Tahammül et! dediler Hangi bir zamana kadar?
Ne bitmez olsa tahammül, onun da bir sonu var!
Gözümde tüttü bu andıkça yandığım toprak;
Önümde durmadı artık, ne hanüman, ne ocak
Yıkıldı hepsi Ben aştım diyar-ı Sudan'ı,
Üç ay Tihame! deyip çiğnedim beyabanı.
Kemiklerim bile yanmıştı belki sahrada;
Yetişmeseydin eğer, ya Muhammed, imdada:
Eserdi kumda yüzerken serin serin nefesin;
Akar sular gibi çağlardı her tarafta sesin!
İradem olduğu gündür senin iradene ram,
Bir an için bana yollarda durmak oldu haram.

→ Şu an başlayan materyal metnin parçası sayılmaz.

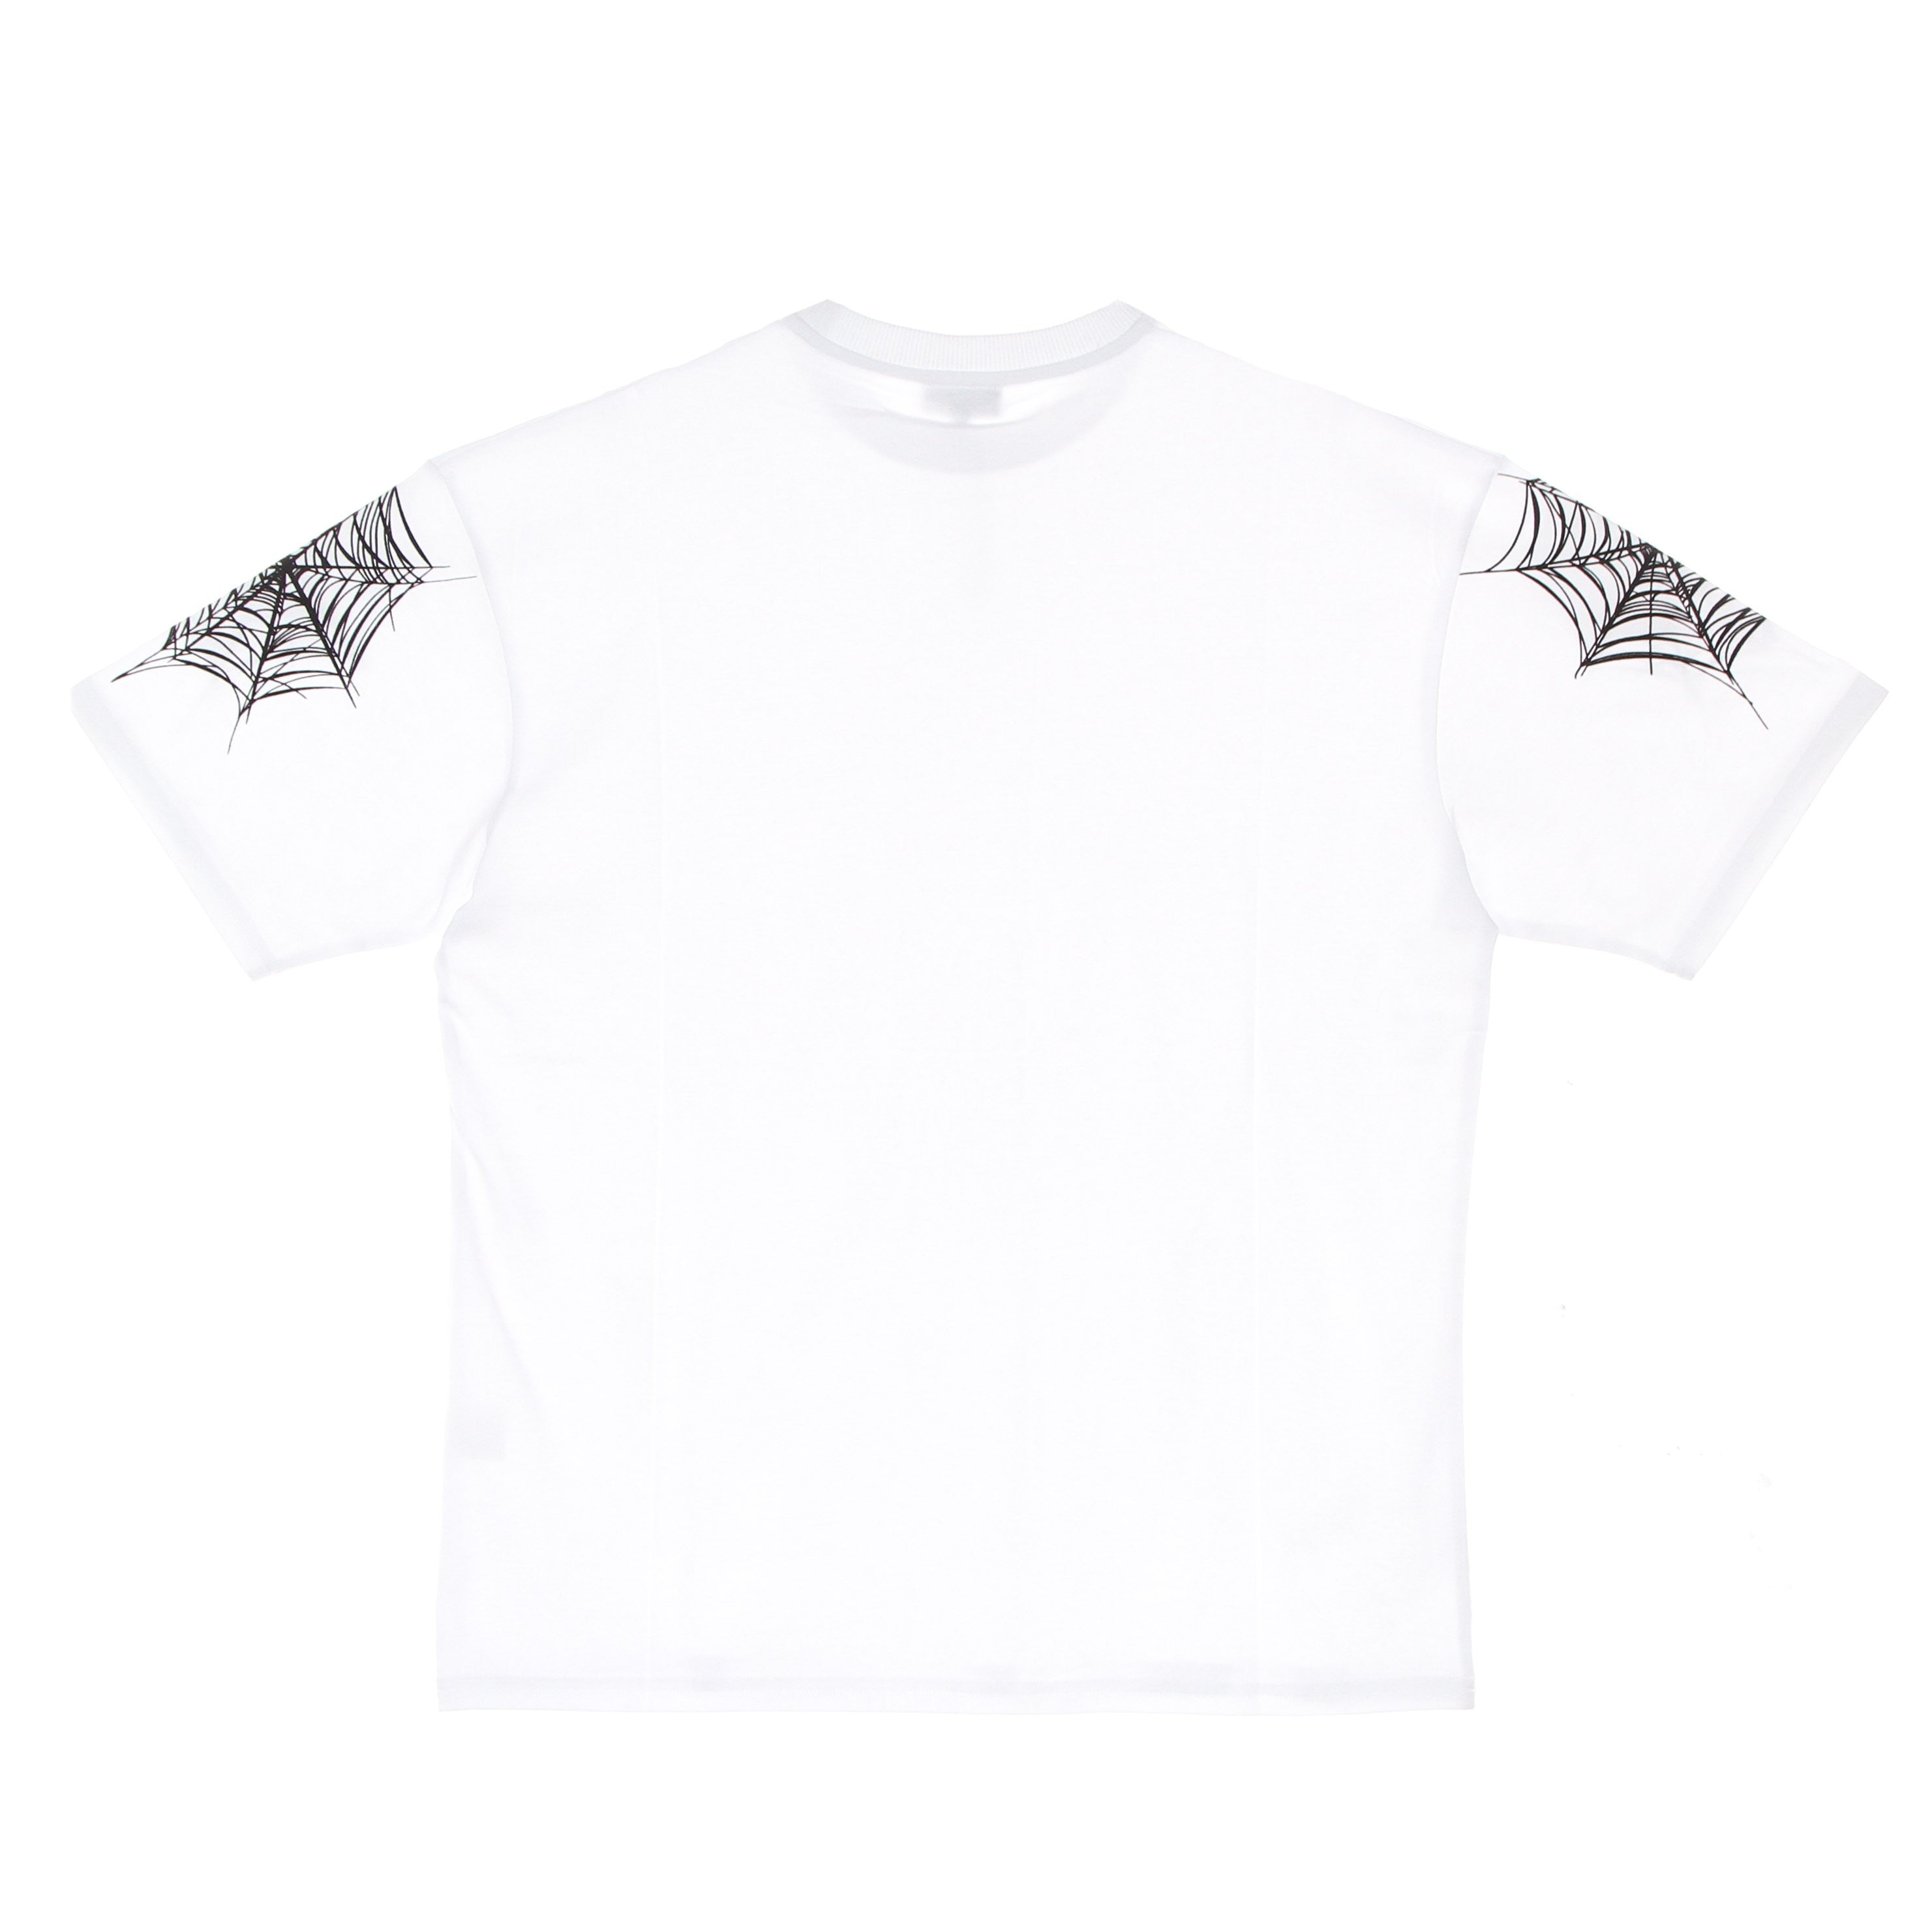 Cobweb Print Tee Men's T-Shirt White/black

Bütün heyakil-i hilkatle hasbihal ettim;
Leyale derdimi döktüm, cibali söylettim!
Yanıp tutuşmadan aylarca yummadım gözümü
Nucuma sor ki bu kirpikler uyku görmüş mü?

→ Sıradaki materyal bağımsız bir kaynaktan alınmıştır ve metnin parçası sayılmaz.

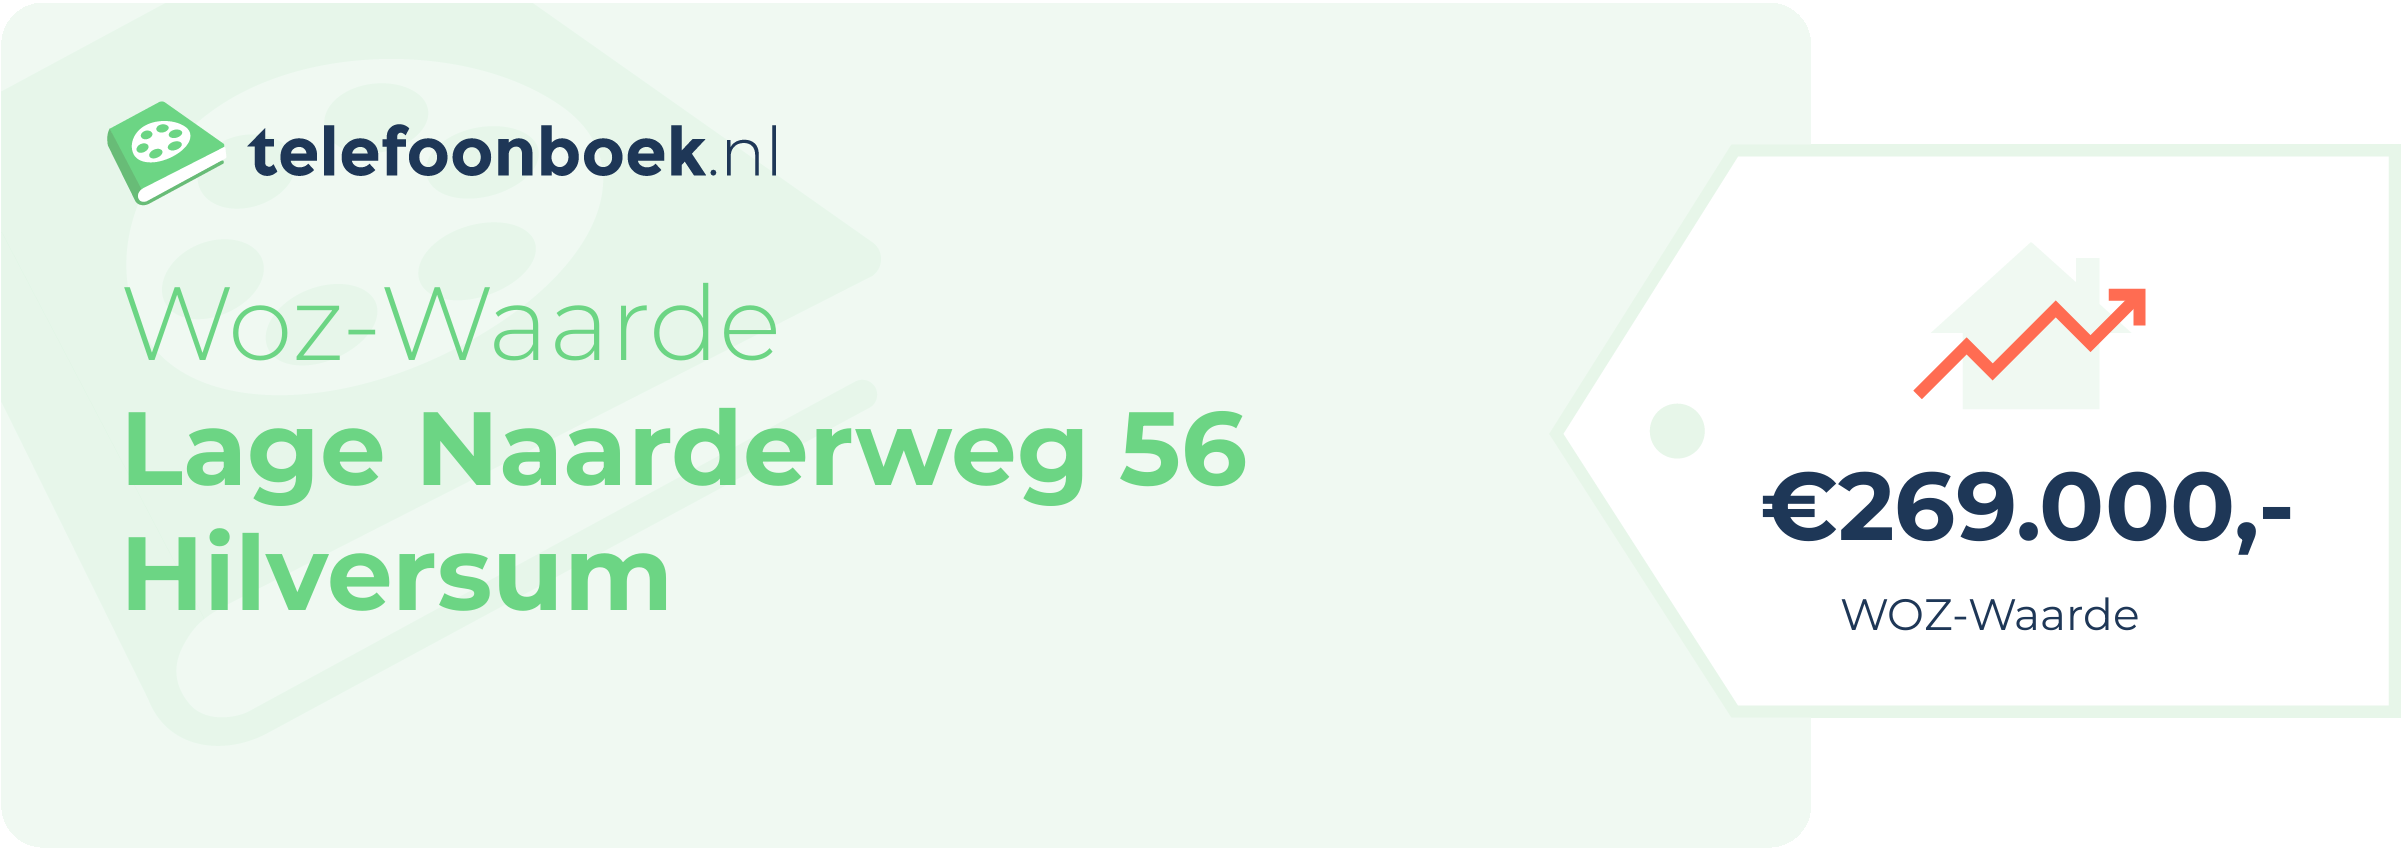 WOZ-waarde Lage Naarderweg 56 Hilversum

Azabı-ı hecrine katlandım elli üç senedir. .
Sonunda alnıma çarpan bu zalim örtü nedir?
Beş altı sineyi hicran içinde inleterek,
Çıkan yüreklere hüsran mı, merhamet mi gerek?
Demir nikabını kaldır mezar-ı pakinden;
Bu hasta ruhumu artık ayırma hakimden!
Nedir o meşale? Nurun mu? Ya Rasülellah!
Sükun içinde bir an geçti, sonra bir kısa ah !
Ne gördüm, oh! Serilmiş zemine Sudanlı
Başında, ağlayarak bir zavallı Seylanlı,
Öpüp öpüp kapıyor elleriyle gözlerim
Bitince harice nakliyle gasli, tekfini,
Baki' a gitti şehidin vücudu-i fanisi;
Harem de kaldı, fakat, ruh-i cavidanisi.